A senior executive at Iran’s oil ministry has claimed the country’s big ticket gas development deal with supermajor Total, and China’s state-run China National Petroleum Company (CNPC), is still going ahead as planned, hours after claiming that the French firm had pulled out and CNPC had taken its share, according to the Reuters news agency.
Mohammad Mostafavi, director of investment at Iran’s National Iranian Oil Company, allegedly told the oil ministry news agency SHANA, “The role of the members of the consortium developing this project is in accordance with the provisions of the contract, and there is still no formal change in these provisions” but earlier he had informed state news agency IRNA that CNPC had taken over Total’s shareholding in a deal that had been set to see an initial $1bn investment at the South Pars gas project.

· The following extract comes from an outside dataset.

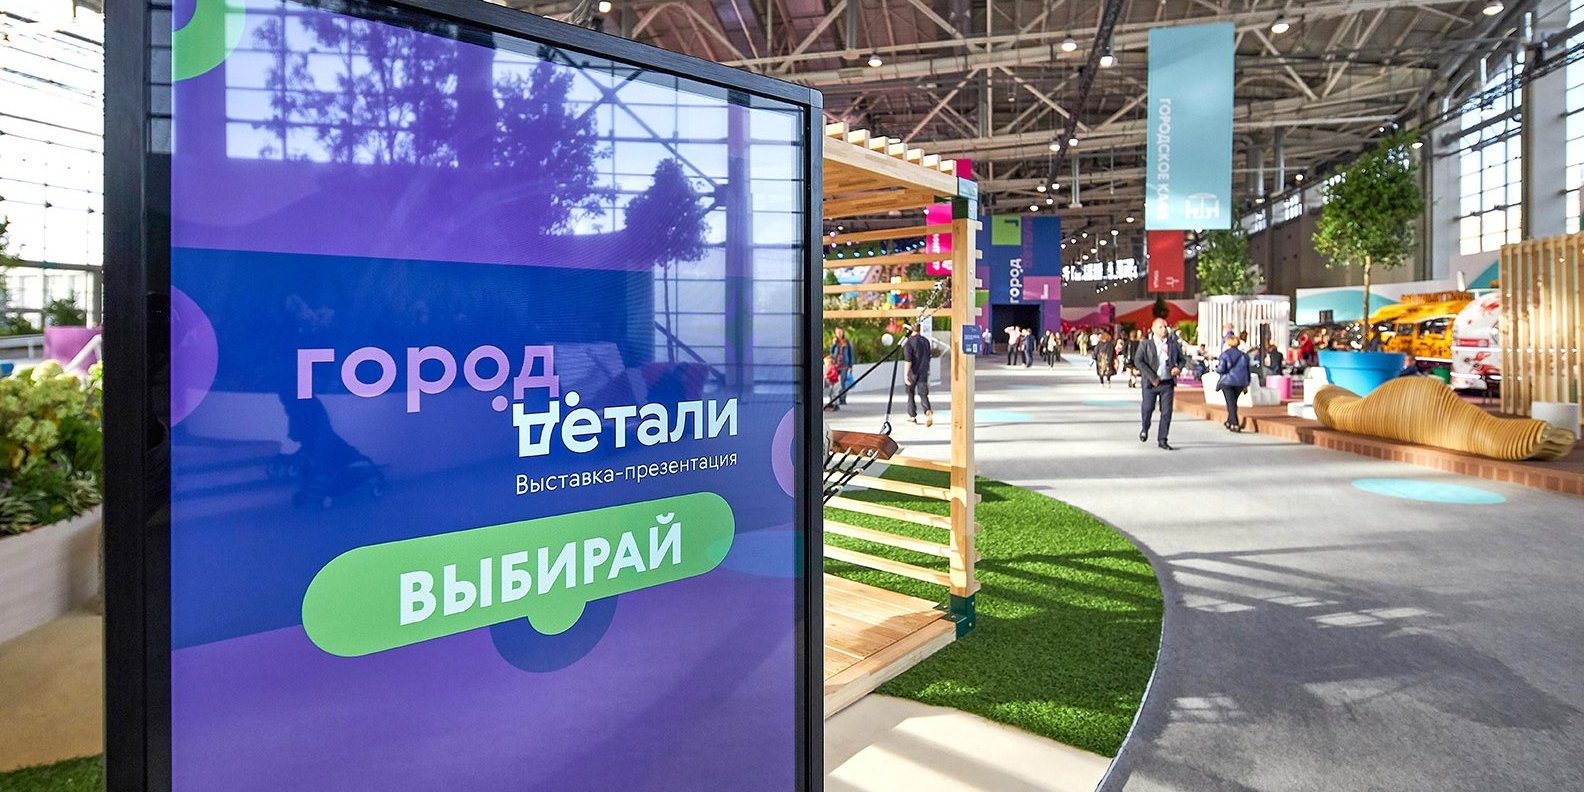 Выставка «Город: Детали. 2020» в 75-м павильоне ВДНХ

South Pars contains the largest amount of natural gas reserves found in one place and Total was the first western nation to pen a deal with the Islamic republic after sanctions were initially lifted in 2016. But US President Donald Trump’s recent decision to withdraw from the Joint Comprehensive Plan of Action has left the French firm seeking a waiver to continue in the project – as yet none has been forthcoming.
Total hasn’t categorically stated what it will do with its majority stake in the project if the US does not grant it a waiver and no spokesperson was available for comment according to Reuters.